Cautionary Statement Regarding Forward-looking Information

This press release contains forward-looking information (as defined in the Securities Act (Ontario)) and forward-looking statements (as defined in the United States Securities Exchange Act of 1934) (collectively referred to herein as "forward-looking information" or "forward-looking statements"). Forward-looking statements include all statements that are predictive in nature or that depend on future events or conditions. Forward-looking information is typically identified by words such as "may", "will", "intend", "should", "expect", "believe", "plan", "anticipate", "estimate", "predict", "potential", "continue" or the negative of these terms or other similar terminology.

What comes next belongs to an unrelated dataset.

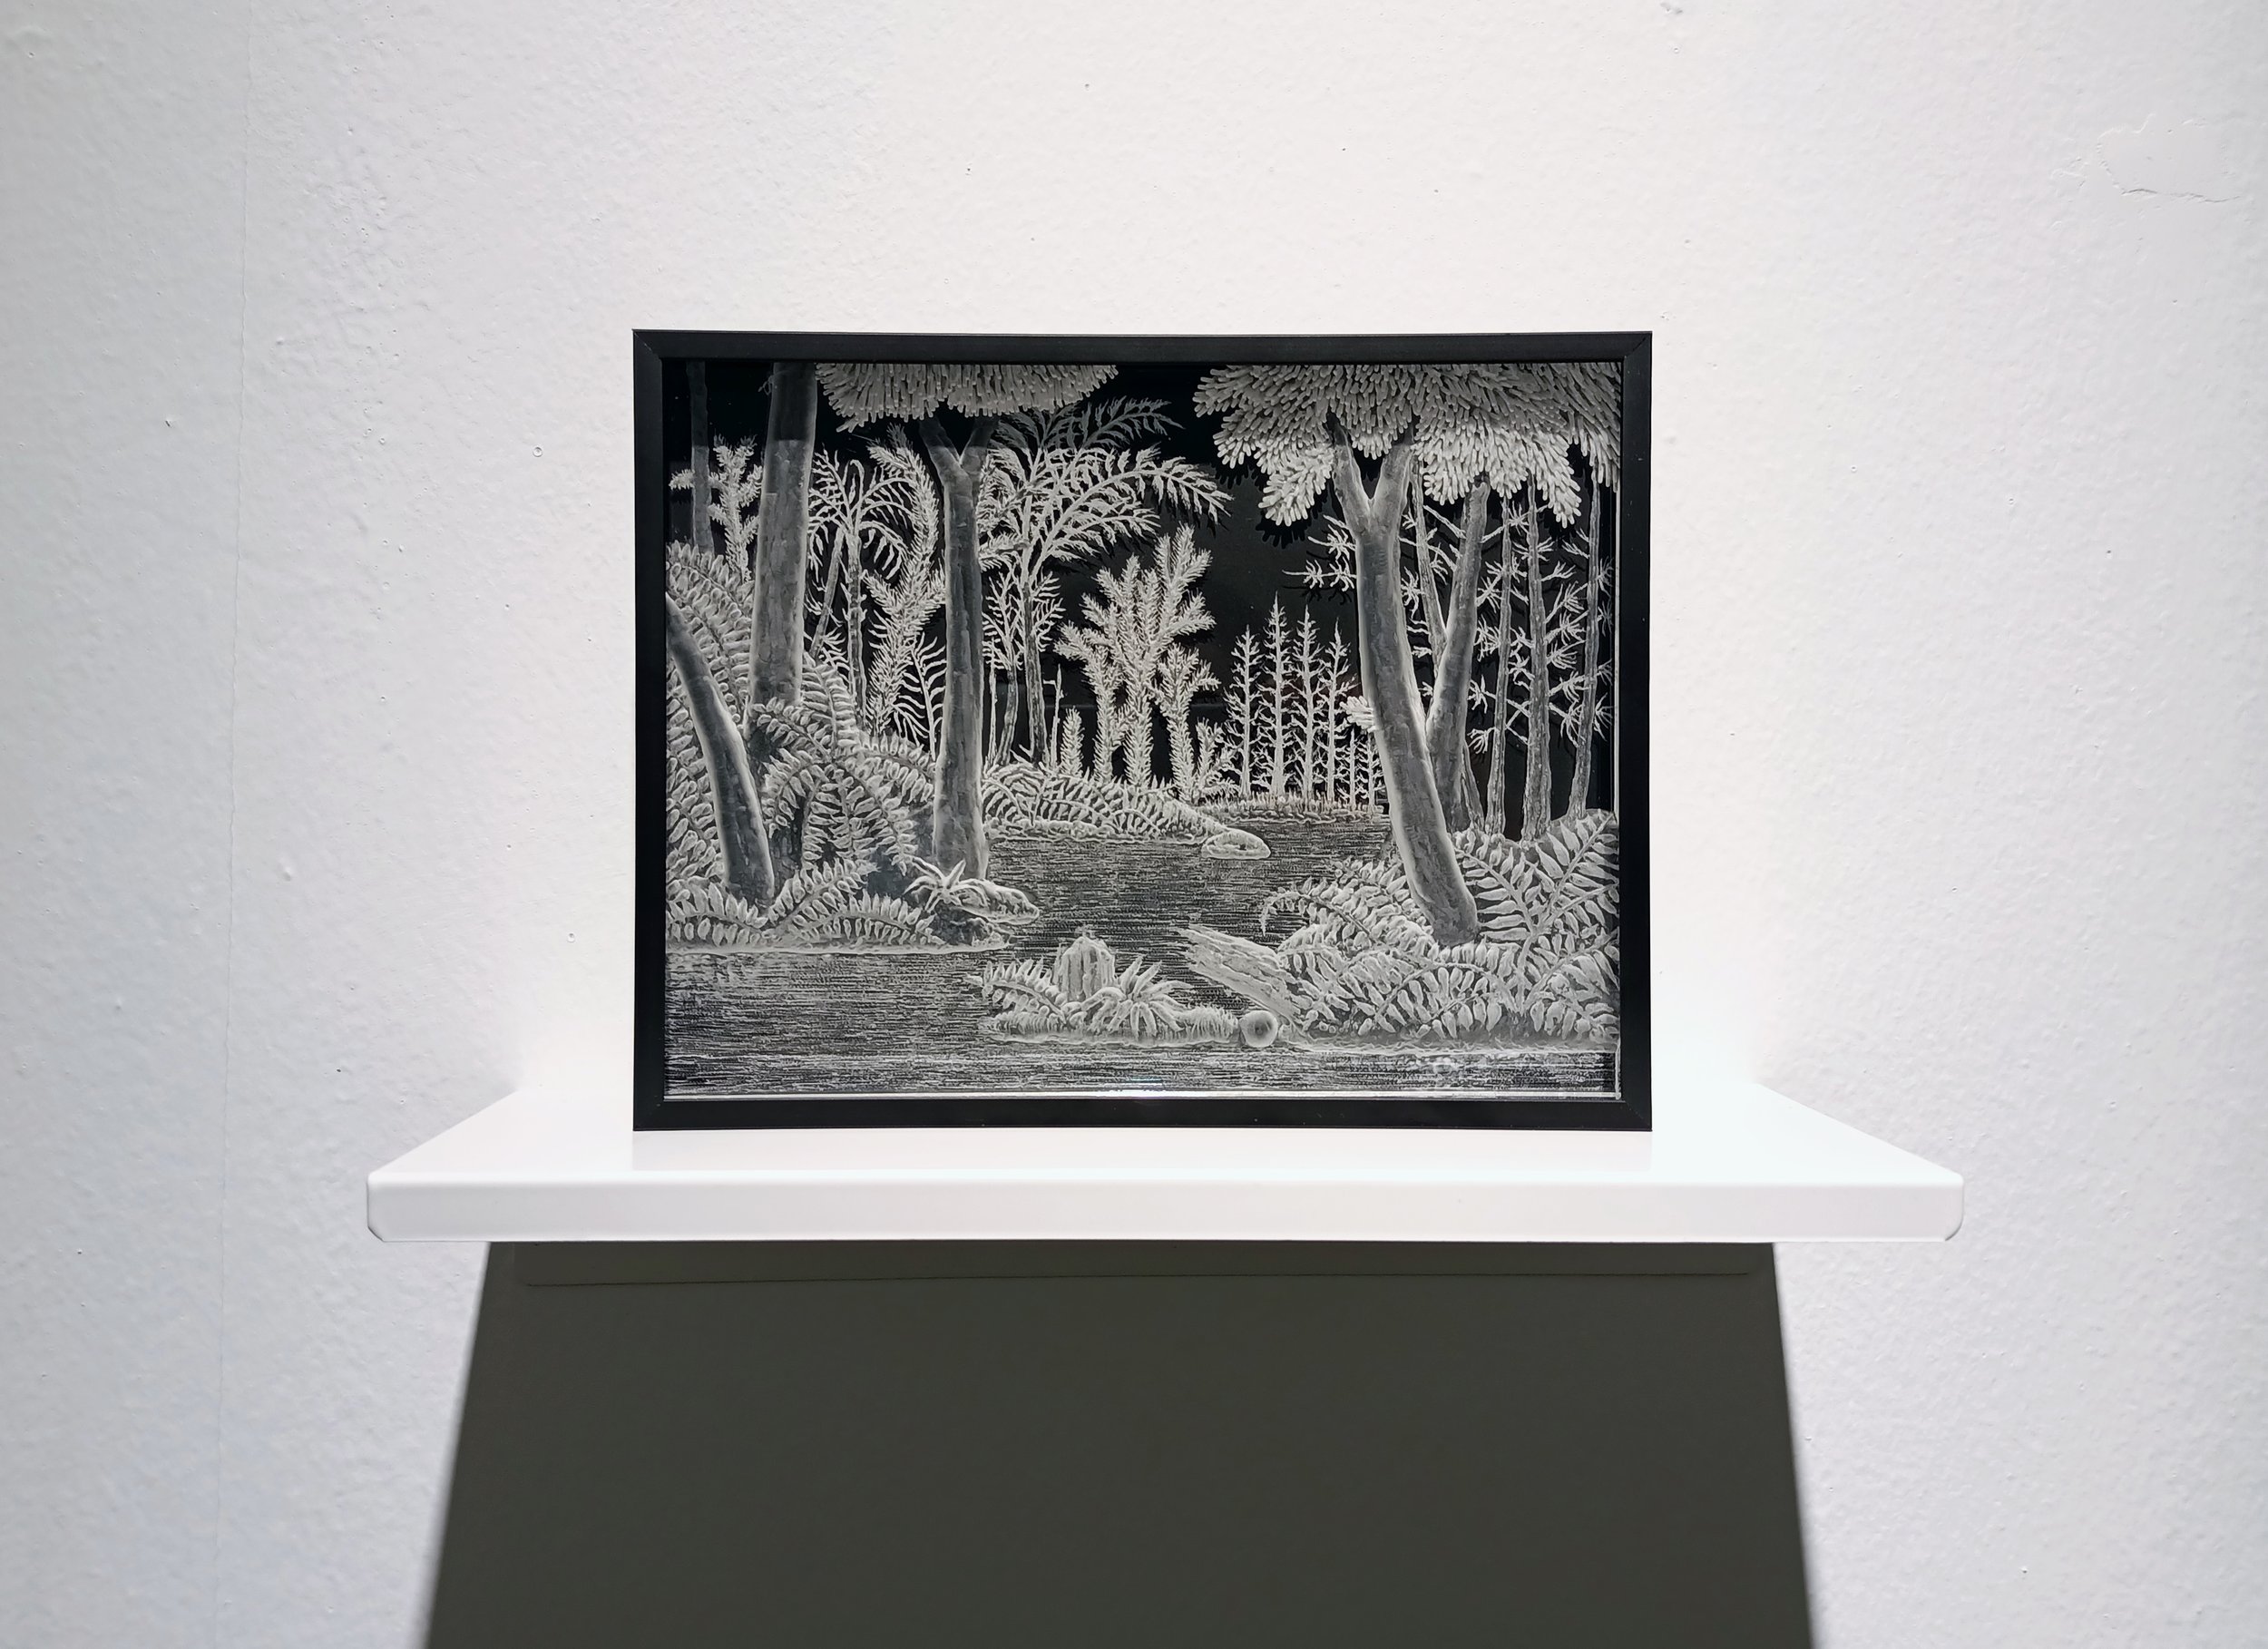 Donna ONG, Somewhere Else-The Heart of Darkness (Joseph Conrad), 2022, Engraving on acrylic with metal frame, H16.6 x W21.5 x D5 cm (frame).jpg

All statements in this press release, other than statements of historical fact, are forward-looking statements. Specifically, this press release contains forward-looking statements regarding the mailing date for the Offer and circular by the Offeror and the Trustee circular by the Board of Trustees and the expected completion date of the Offer. Forward-looking information should not be read as a guarantee of future performance or results. Investors should not rely unduly on forward-looking information as a number of factors could cause actual results to differ materially from the results discussed in the forward-looking information. Although the forward-looking information contained in this press release is based upon what management believes are reasonable assumptions, neither the Fund, Gregory Edmonds, Russell Bilyk nor 2256479 Ontario Inc. can assure investors that actual results will be consistent with results anticipated in such forward-looking information.

The forward-looking information is provided as of the date of this press release and none of the Fund, Gregory Edmonds, Russell Bilyk nor 2256479 Ontario Inc. assumes any obligation to update or revise the forward-looking information to reflect new events or circumstances except as required by applicable law.